Since, the query disappeared from the list of active queries on the database, I am expecting a success or a timeout exception. But, I get none.(No exception) and my thread in stuck in the wait state. I know the query has not finished because it was supposed to do some inserts in a table and I cannot find the expected rows in the table.

I am using pgbouncer for the connection pooling and the query_timeout is disabled. Had it been a hibernate timeout I should have got an exception. OS parameters on the DB machine and Client machine(Machine running java program)

  • tcp_keepalive_time is 7200 (seconds)
  • tcp_keepalive_intvl = 75
  • tcp_keepalive_probes = 9 (number of probes) Both the machines run RHEL operating system. I am unable to put my finger on the issue.
Jijo Mathew
  • 322
  • 2
  • 15
  • Side question: is it _really_ necessary to have such big a query? Can't you split it up somehow? Having such long-running queries and transactions normally isn't advisable. – Thomas Feb 03 '16 at 12:46
  • It is a query to delete from a table using the indices. Using Explain, I have confirmed that the indices are being used. The table is huge, which asks for a large number of deletes. That is why so much time is required. It is not about the quality of the query but the disappearance of the query from the list of active queries without any response which I am concerned about. – Jijo Mathew Feb 05 '16 at 05:54
  • Well, sometimes solving the immediate problem isn't the overal right solution. Having more smaller queries might actually be better (maybe even faster).

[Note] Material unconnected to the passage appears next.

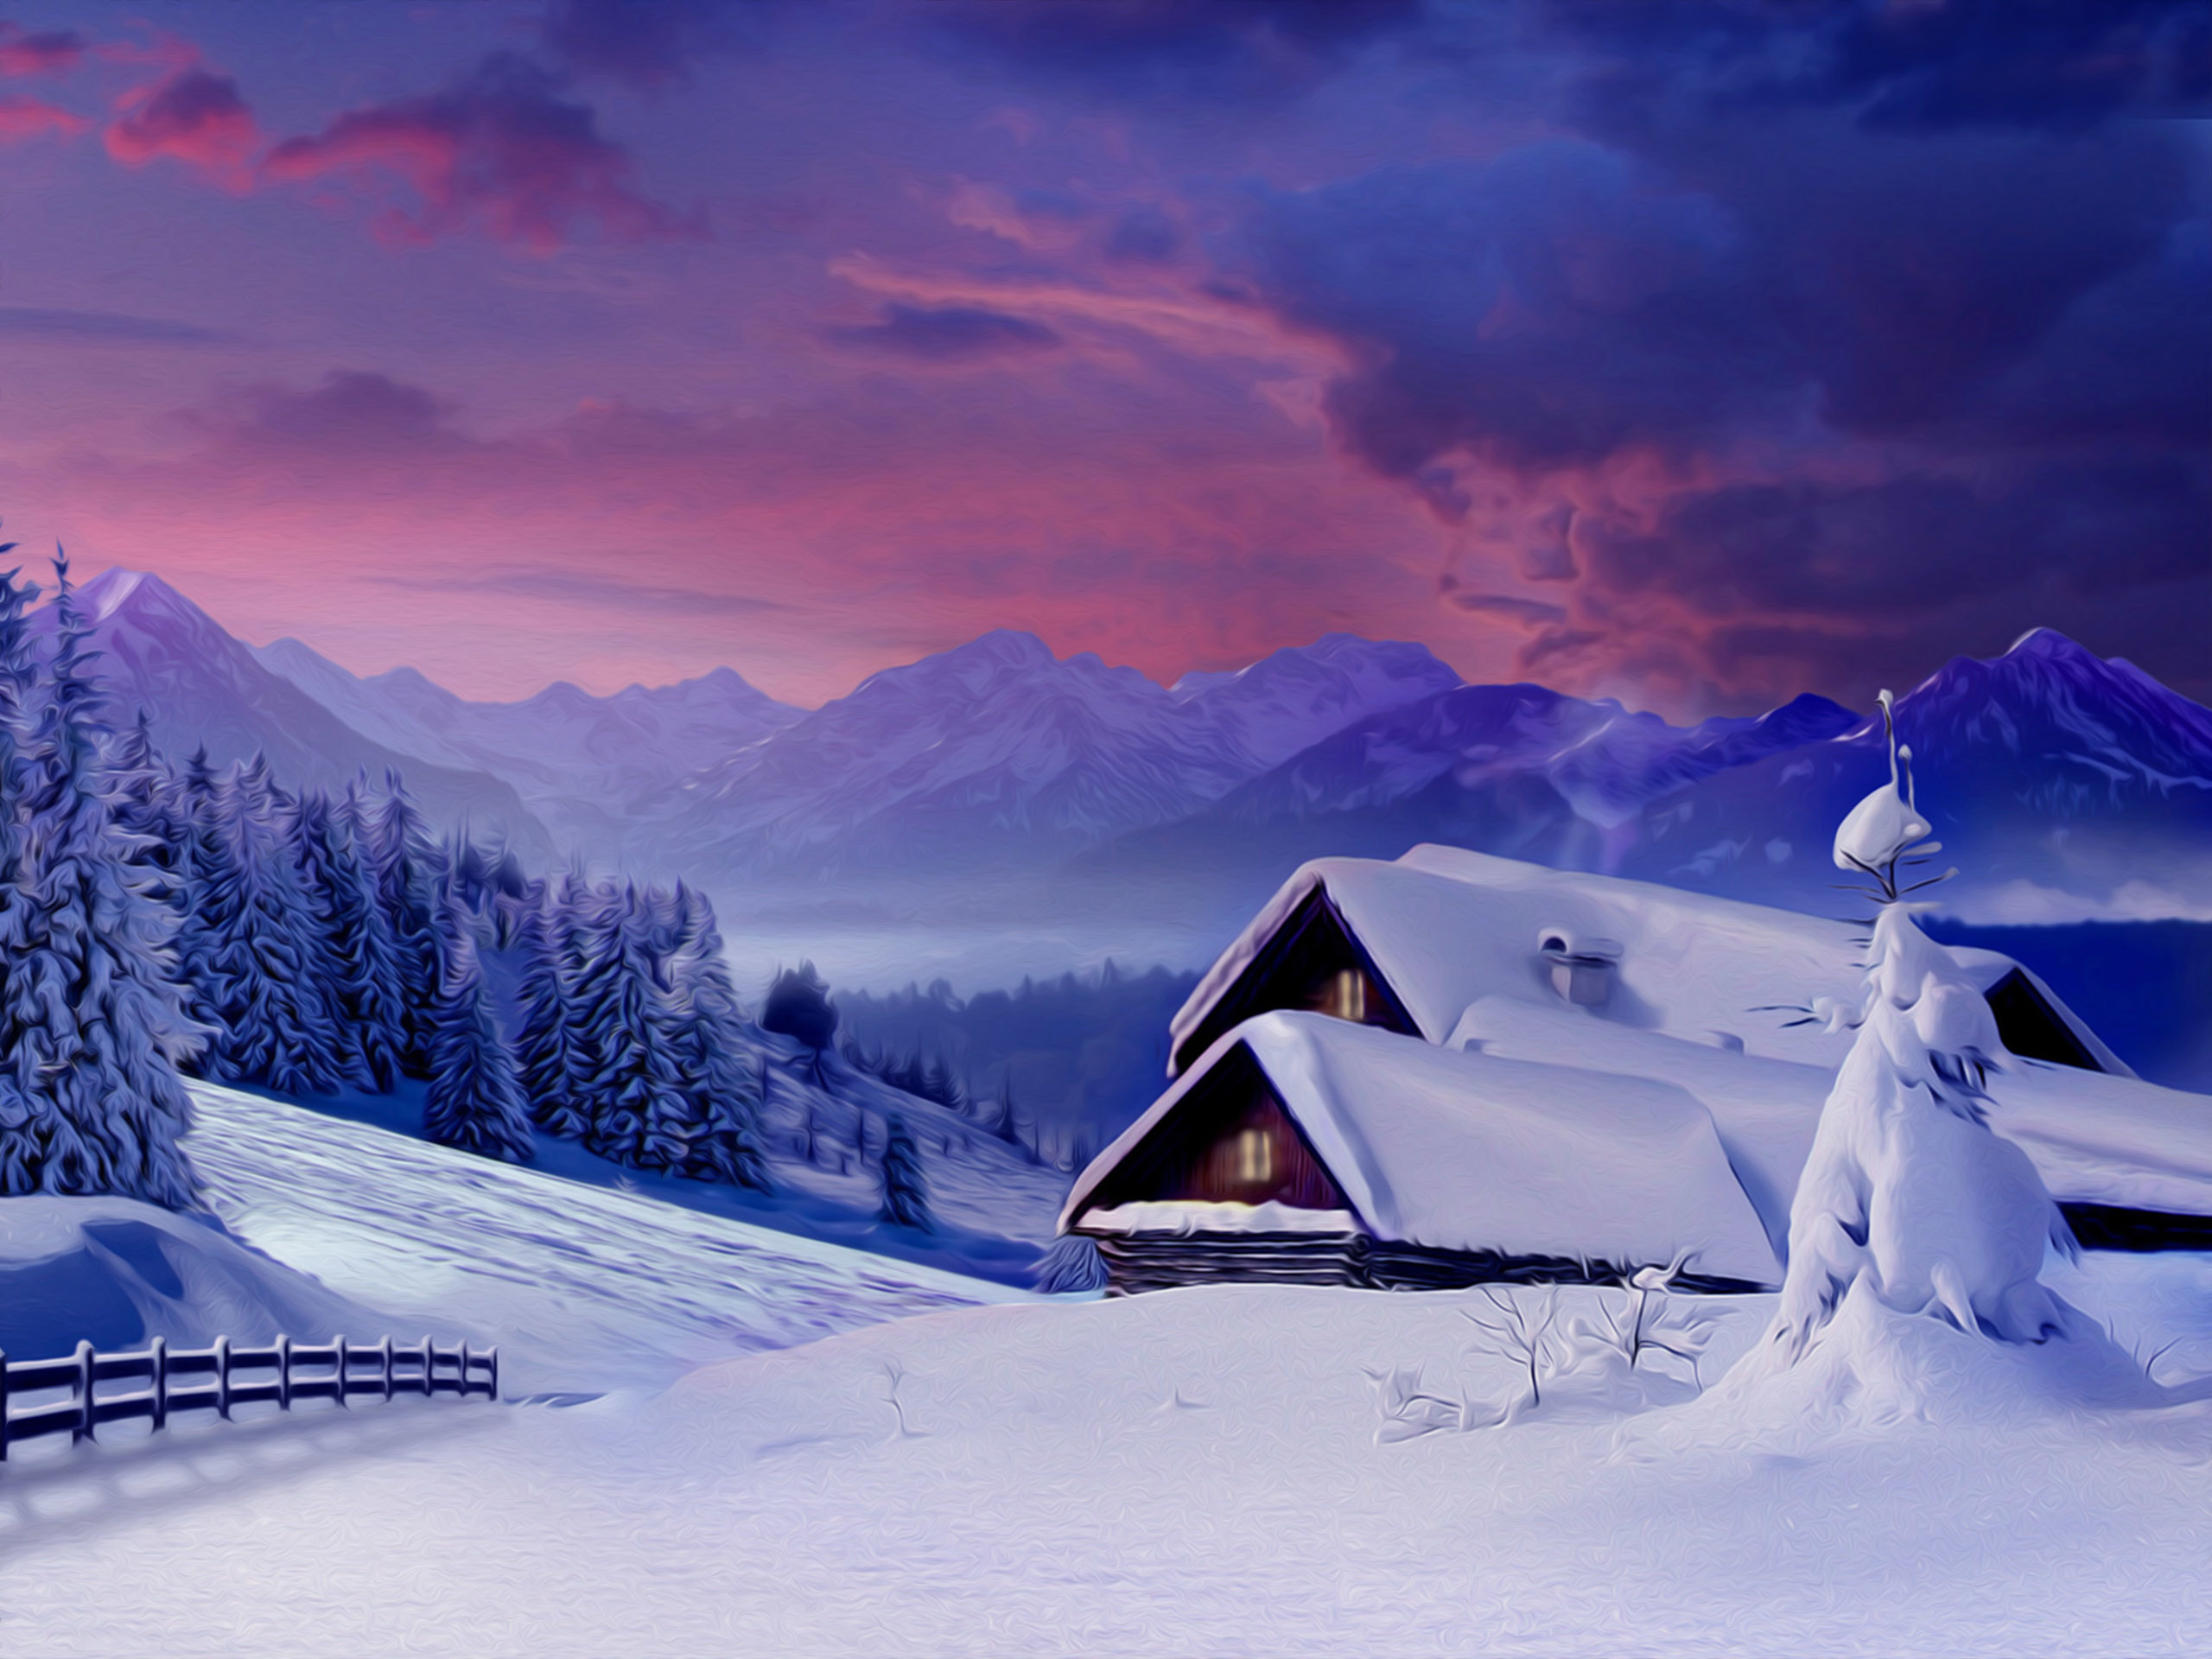 2560x1920 winter snow scene pictures | Snow Wallpapers | Desktop Wallpapers - Page 10

Isn't there a way to issue multiple deletes for subsets of what needs to be deleted? – Thomas Feb 05 '16 at 09:00

2 Answers2

2

I am sure you would have already looked at the following resources:

  1. PostgreSQL Timeout Docs
  2. PgBouncer timeout (you already mention).
  3. Hibernate timeout parameters, if any.

Once that is done, (just like triaging permission issues during a new installation, ) I recommend that you try the following SQL, from different scenarios (given below) and ascertain what is actually causing this timeout:

SELECT pg_sleep(7200);
  1. Login to the server (via psql) and see whether this SQL times-out.
  2. Login to the PgBouncer (again via psql) and see whether PgBouncer times out.
  3. Execute this SQL via Hibernate (via PgBouncer), and see whether there is a timeout.

This should allow you to clearly isolate the cause for this.

Robins Tharakan
  • 2,209
  • 19
  • 17
2

I found that the issue was caused due to the TCP connection getting dropped and the client still hanging waiting for the response.

I altered the following parameters at OS level:-

  • /proc/sys/net/ipv4/tcp_keepalive_time = 2700

Default value was 7200. This causes a keep alive check at every 2700 seconds instead of 7200 seconds.

Jijo Mathew
  • 322
  • 2
  • 15